Sunday, December 21, 2014

Week 51: On the Origin of Christmas

   In 1859 Brittish naturalist and geologist Charles Darwin published his book, On the Origin of Species, with its world-changing theory of evolution of mankind and all living things. This was certainly one of the gateways of modern thinking and has affected the approach to science and many religious philosophies ever since. This week's book-of-the-week alludes to Darwin's book while also spotlighting a significant time of year.
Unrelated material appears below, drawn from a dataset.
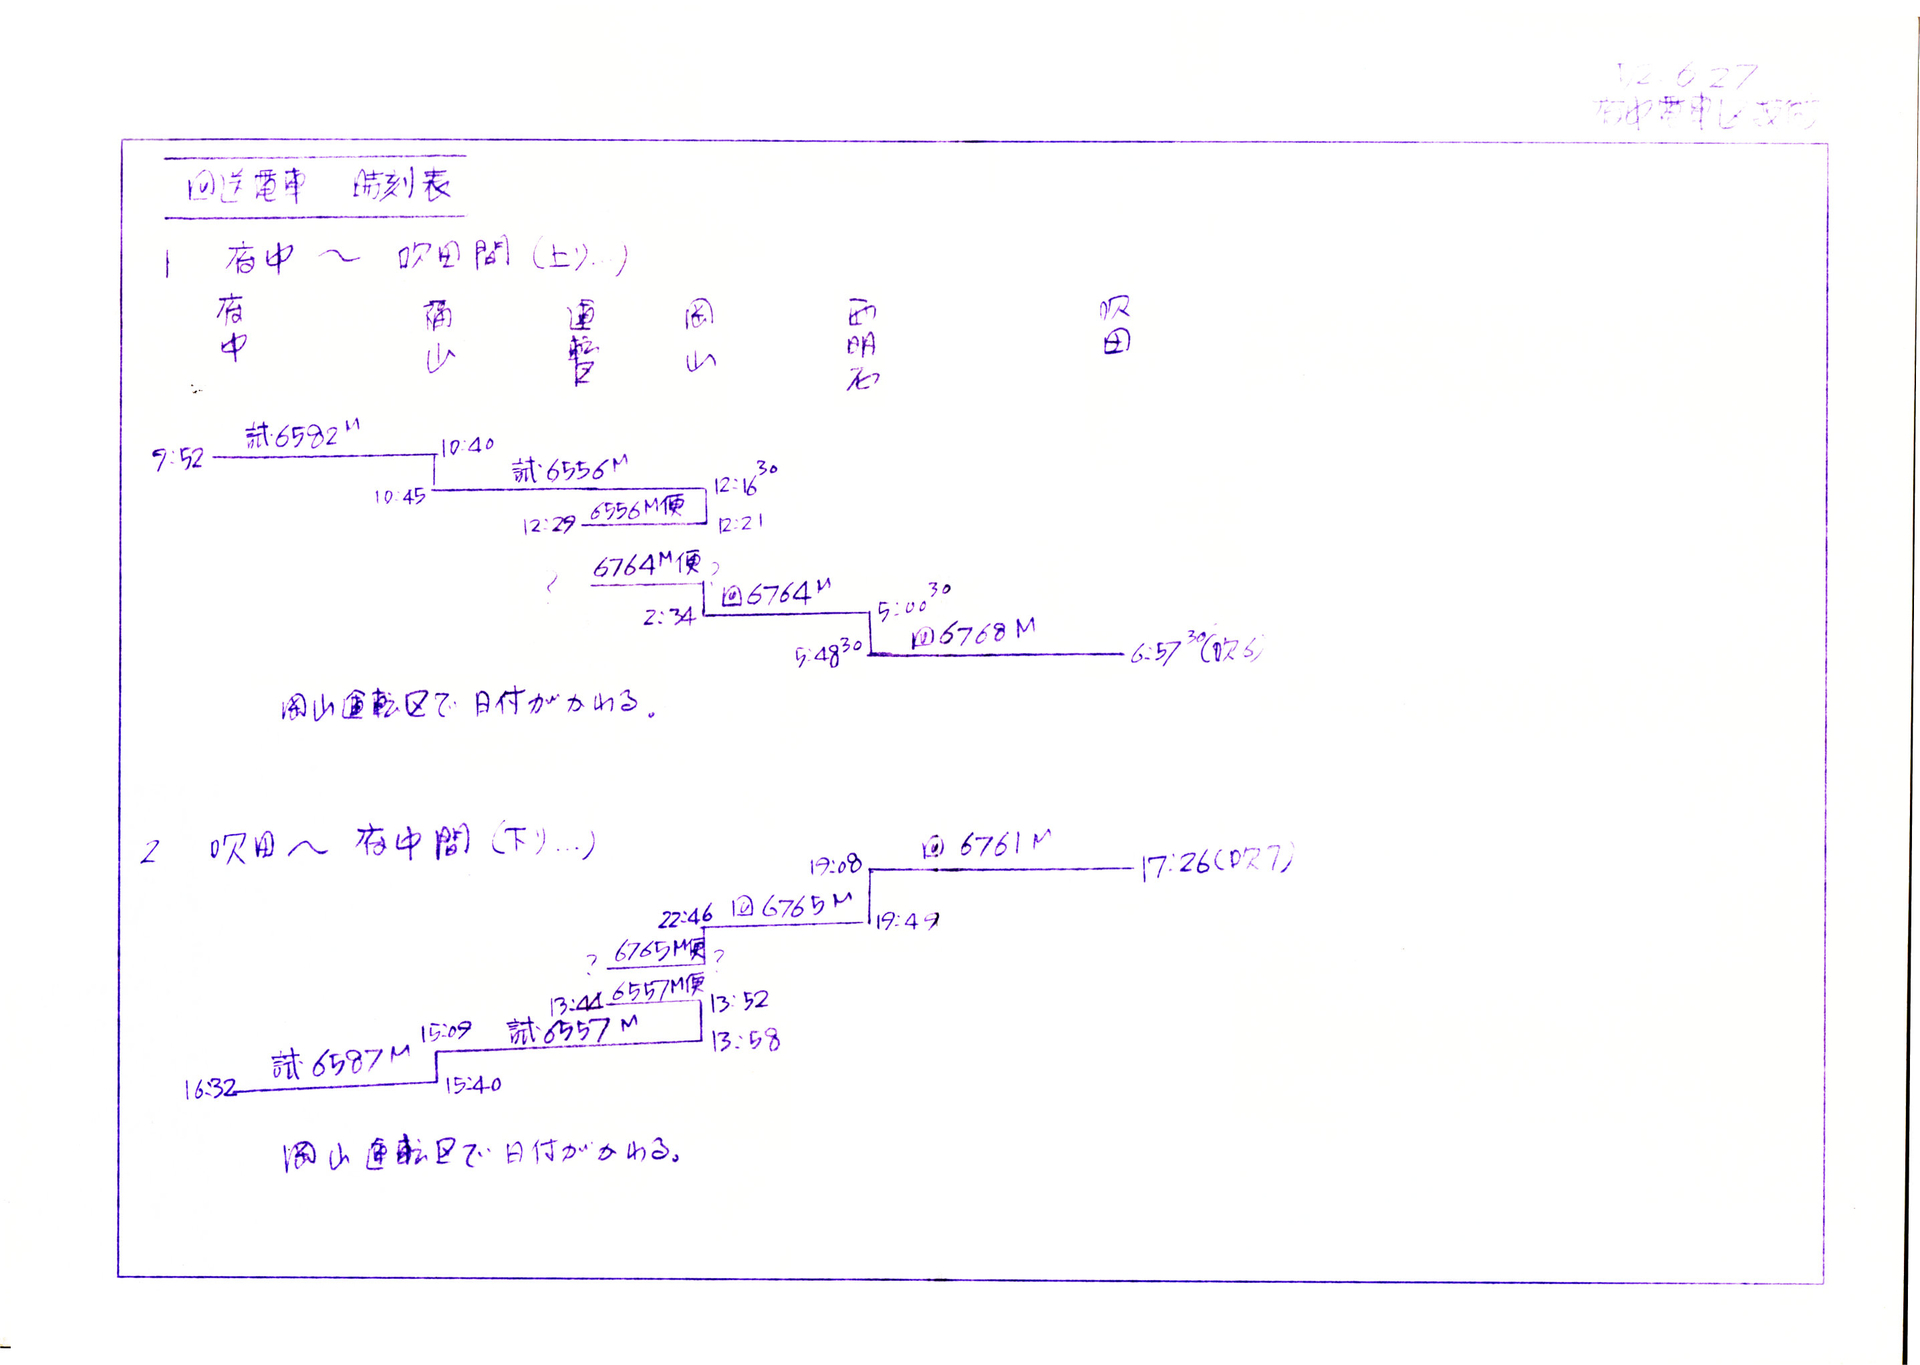 f:id:yasuo_ssi:20210328151213j:plain

The book-the-week for Week 51 is titled, On the Origin of Christmas.
the cover... tied with an organza bow
   On the Origin of Christmas is a carousel book.. sometimes called a star book... made with two layers of accordion-folded black archival construction paper. The cover boards were covered with hand-marbled paper in Christmas colors of red and green which also express a vibrant life-force appearance... as if looking into a pot of primordial soup. The title plate, the only text in the book, was letterpress printed in red ink with Wedding Type typeface onto handmade Japanese mulberry paper. Red organza ribbons were attached to both coverboards for a bow closure. Closed, the book is 4½ inches tall by 5 inches wide. When the ribbons are untied, the accordion book can be stretched to 30 inches wide.

cover and title plate

    Each of the five folios depicts a two-layered whimsical view of a stage of the evolution of Christmas as cut-paper silhouettes on a moonlit starry night. On the back series of folios, tiny yellow stars were letterpress printed... with clouds and moon hand painted in white gesso. Each letterpress star was pierced with a hole to let light from behind further illuminate the black paper sky. Black and red-dotted bookcloth strips were used to attach the folios, thus creating each of two accordion strips. The rear accordion strip (with the sky and stars) was attached to the forward accordion strip (with the cut-paper silhouettes) by means of a three-hole pamphlet stitch sewn with black waxed linen thread. This is essentially how the book was created. Once the covered boards and ribbon closures were glued onto the ends, the fabrication was complete.
opened up
This is the story... On the Origin of Christmas
Page 1, the earth was here...
Page 2, plant life grew...
Page 3: people came together...
Page 4: religions began..
Page 5: Santa Clause!
  Whether we have come back to magic or never left it, the many definitions of Christmas certainly confirm its multi-dimensional effect on so many aspects of our community... perhaps even, our world. From spirituality... to economics... to fellowship... to art... to tradition.. to joy.. to hope... and just belief in magic. Just as there are two sides of a coin, good and bad, Christmas is a complex phenomenon. This little book lets the reader decide which way to read it.
a Christmas train...

The book can be stretched out like a Christmas train... chugging around the Christmas tree.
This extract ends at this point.